● **EXERCISE GOAL**:
What you return should be the lines from the one with "Kollektionen - Tod & Trauer" through the one with "Hanglamp Dogato met glazen kap in Amber" in the data below, reproduced exactly with both ends, and no pictures at all.

● **RECORD SET**:
--------
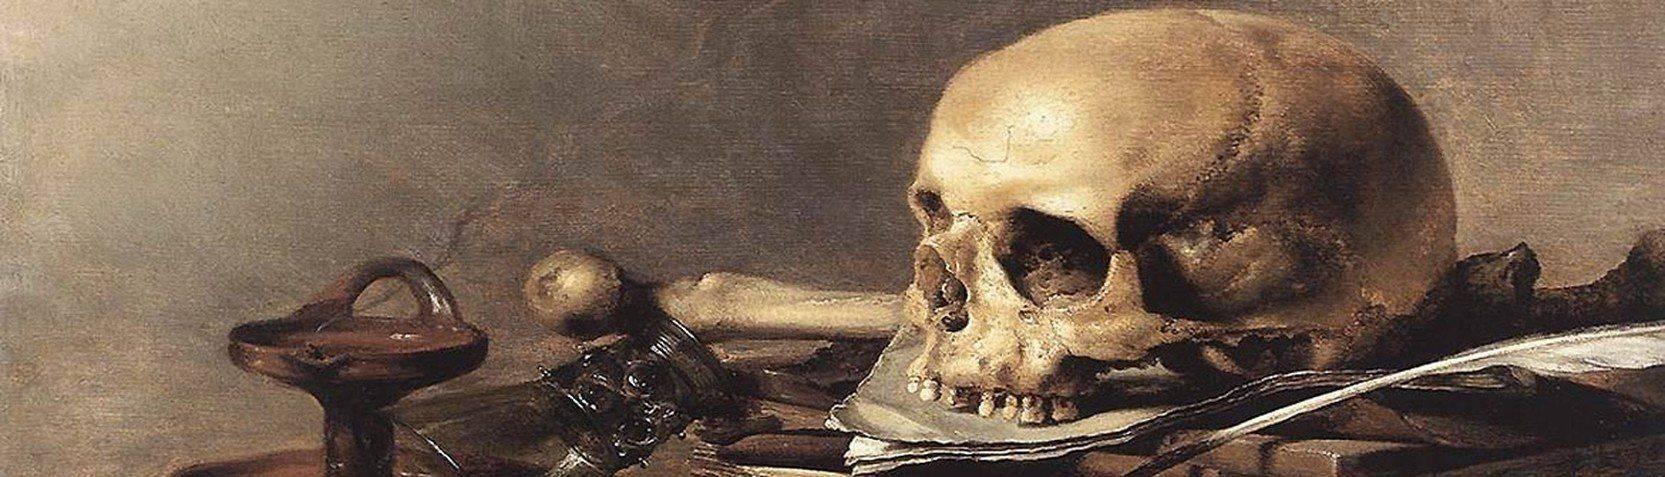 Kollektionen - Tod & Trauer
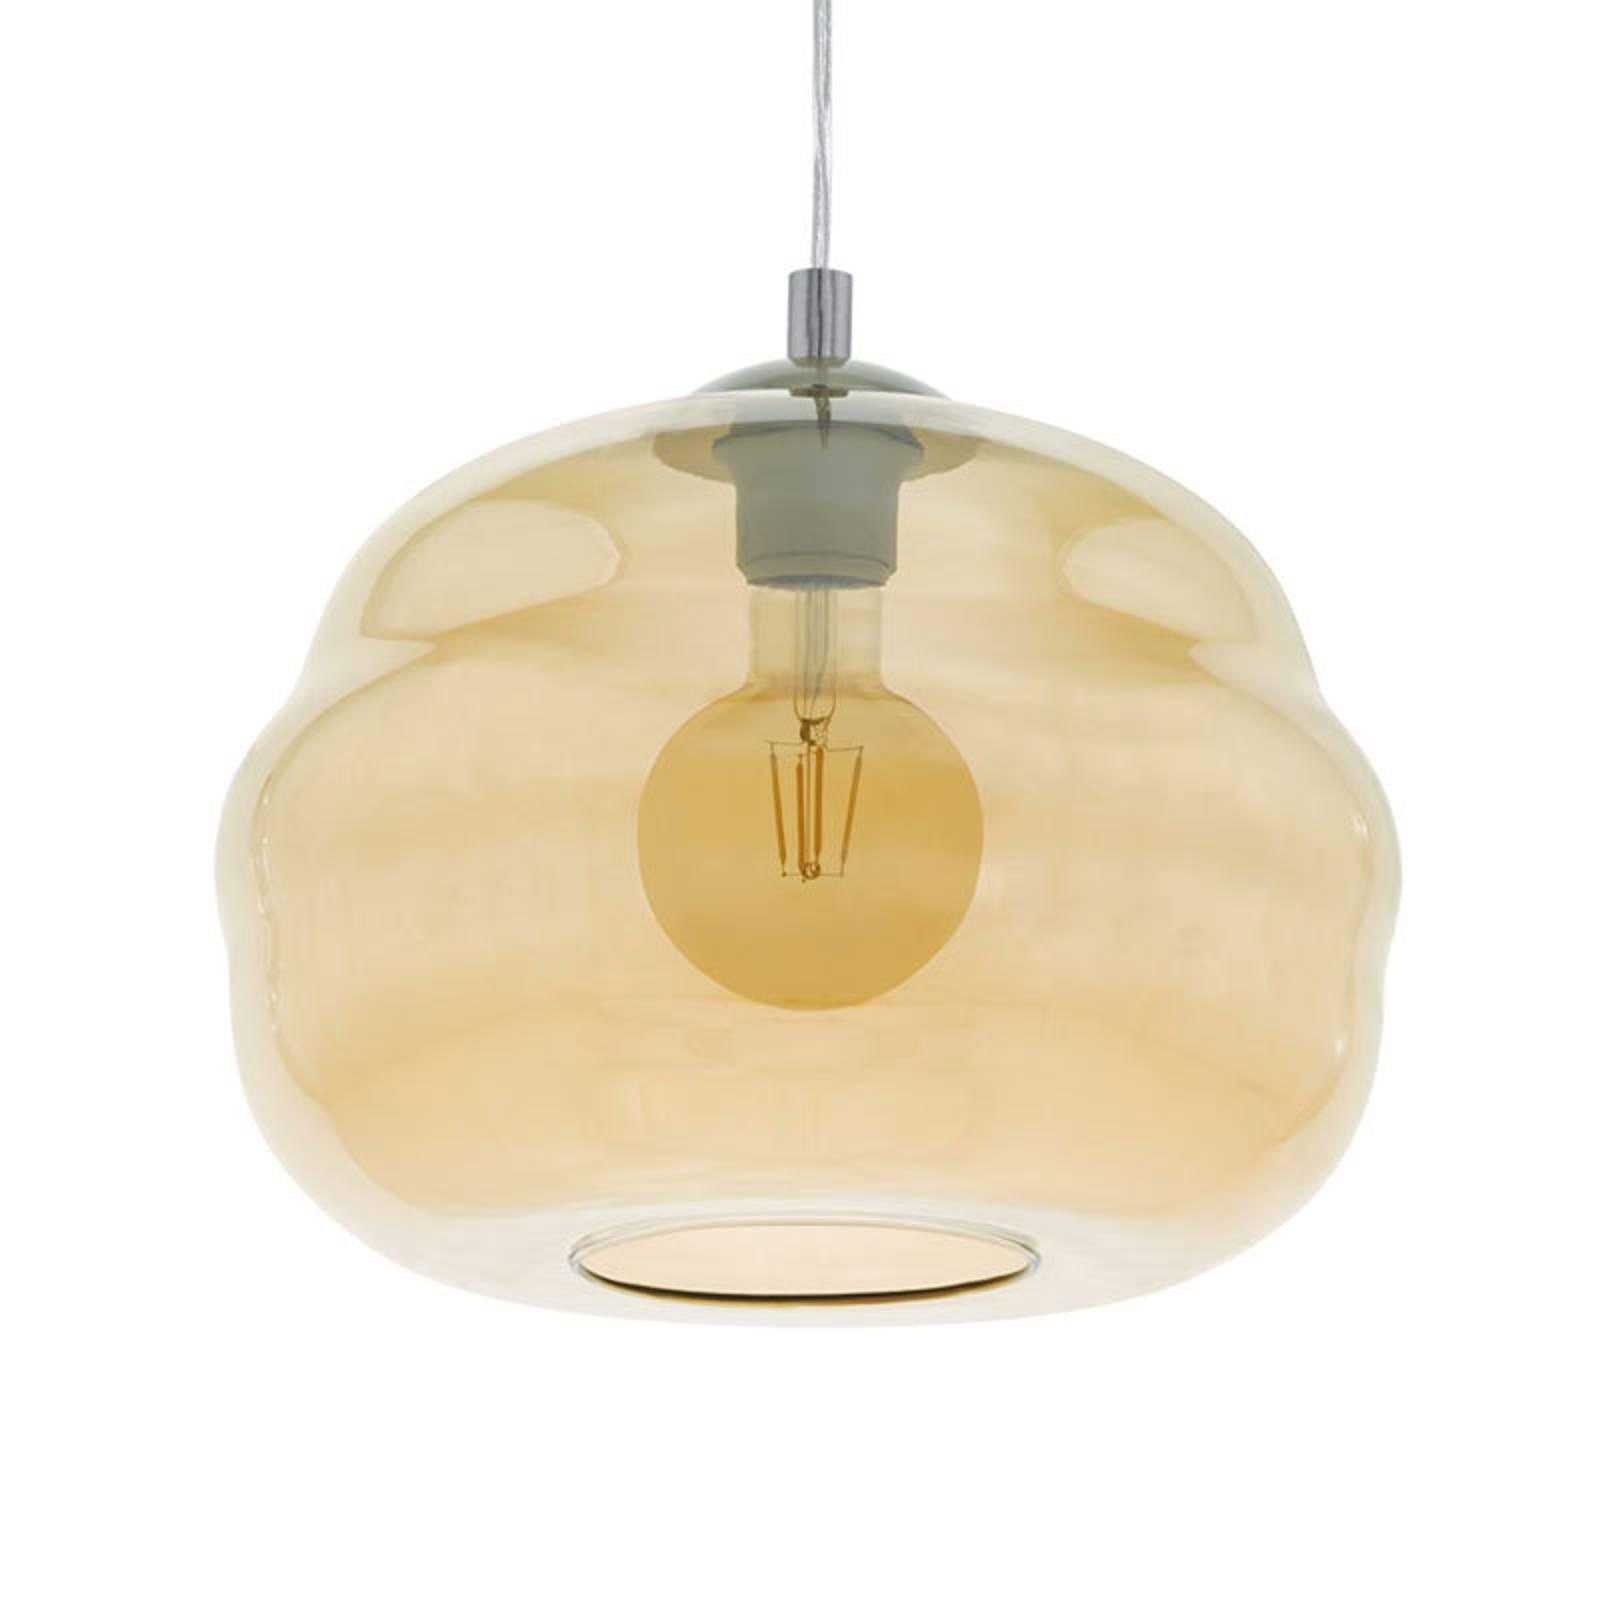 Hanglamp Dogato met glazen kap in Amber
--------
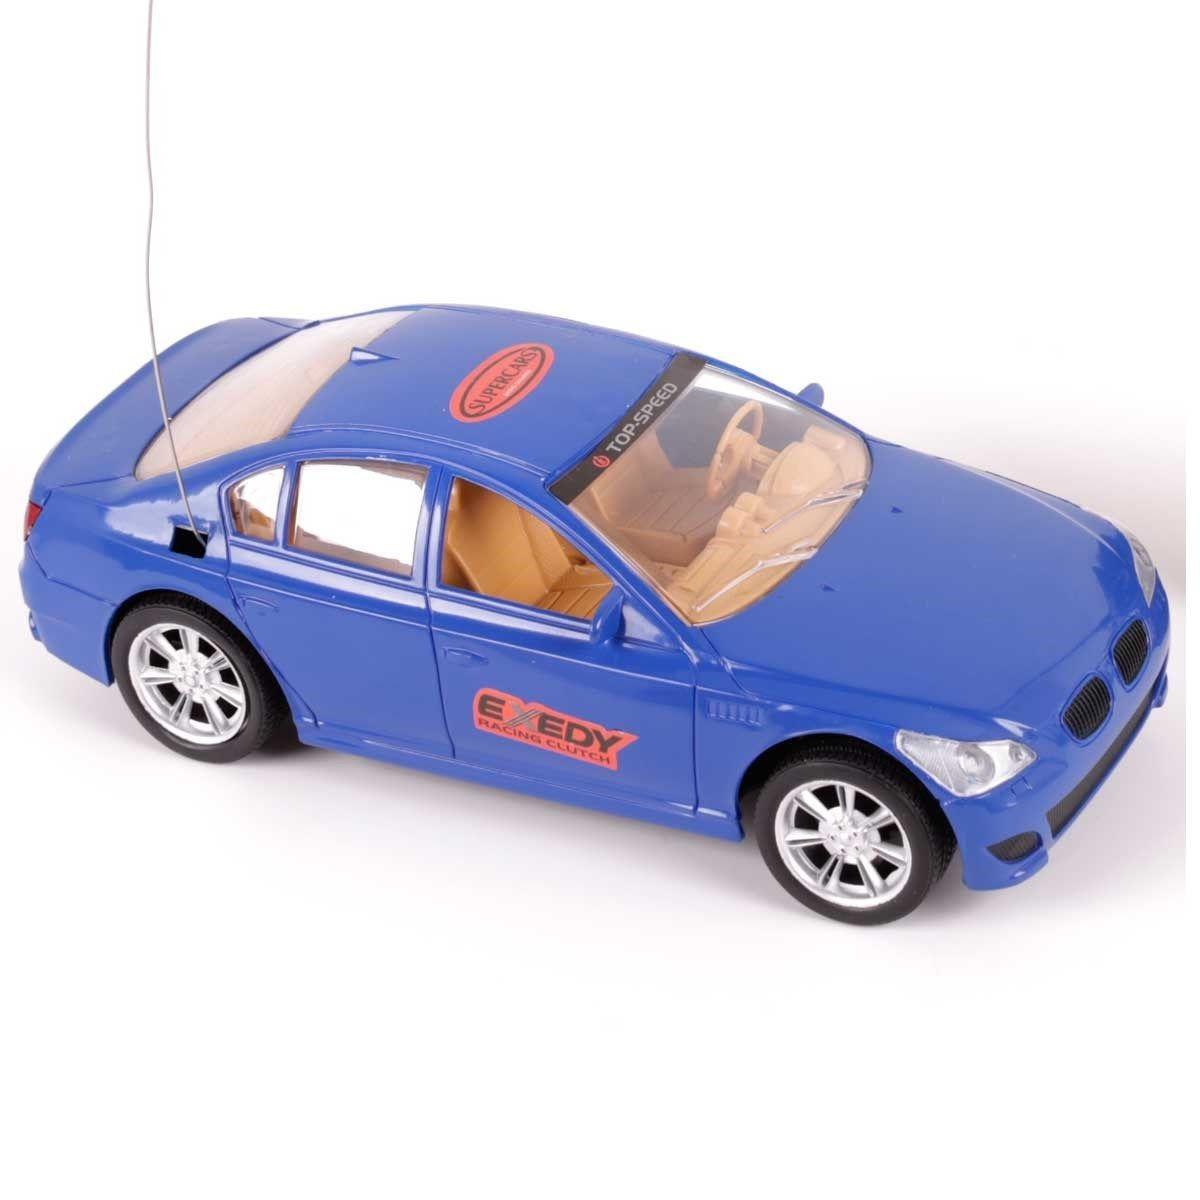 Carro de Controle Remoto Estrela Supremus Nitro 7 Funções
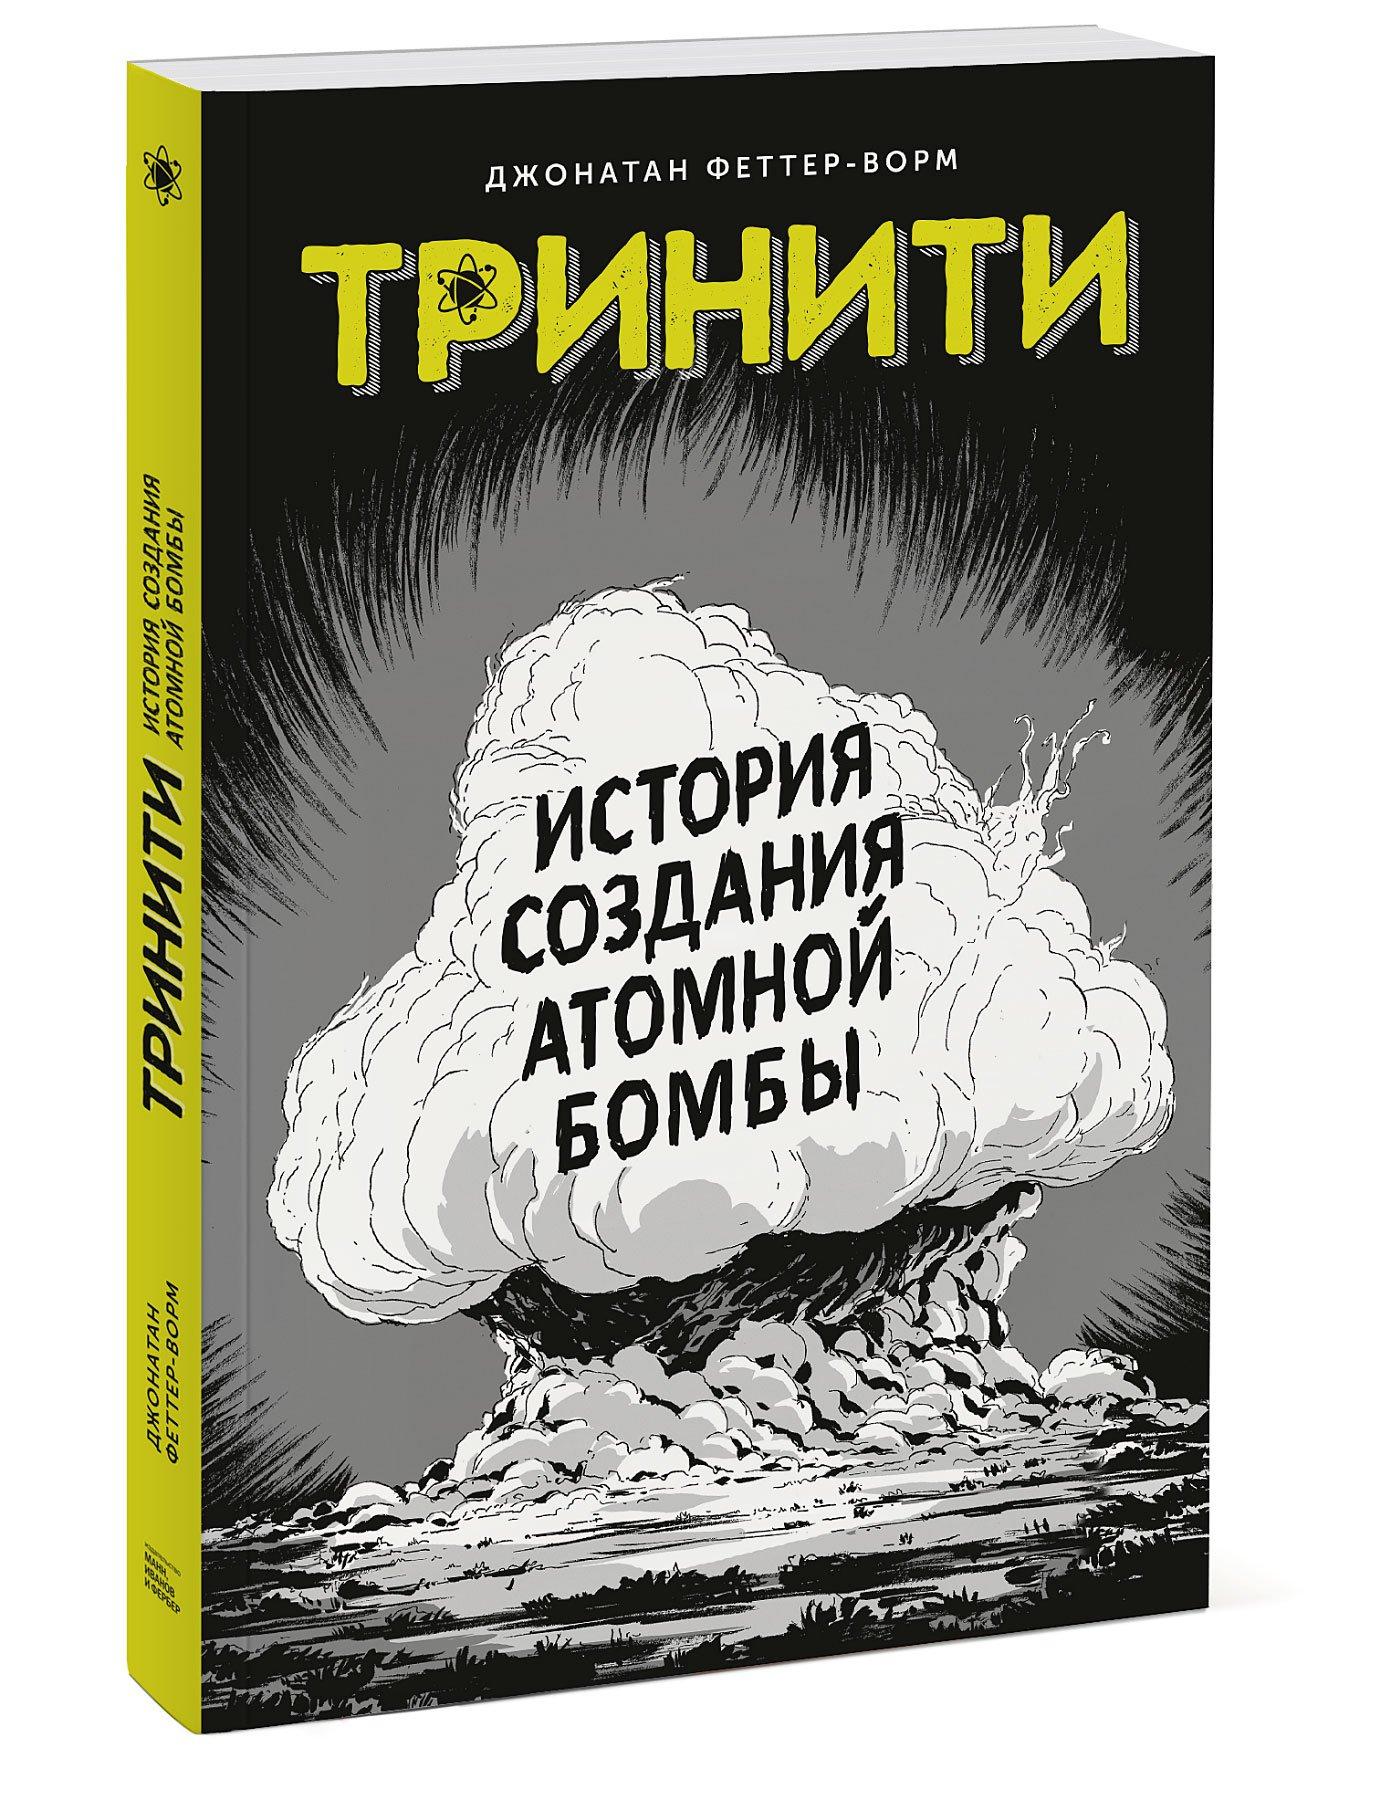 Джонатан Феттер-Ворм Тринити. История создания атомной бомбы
--------
● **RESPONSE TO THE EXERCISE**:
 Kollektionen - Tod & Trauer
 Hanglamp Dogato met glazen kap in Amber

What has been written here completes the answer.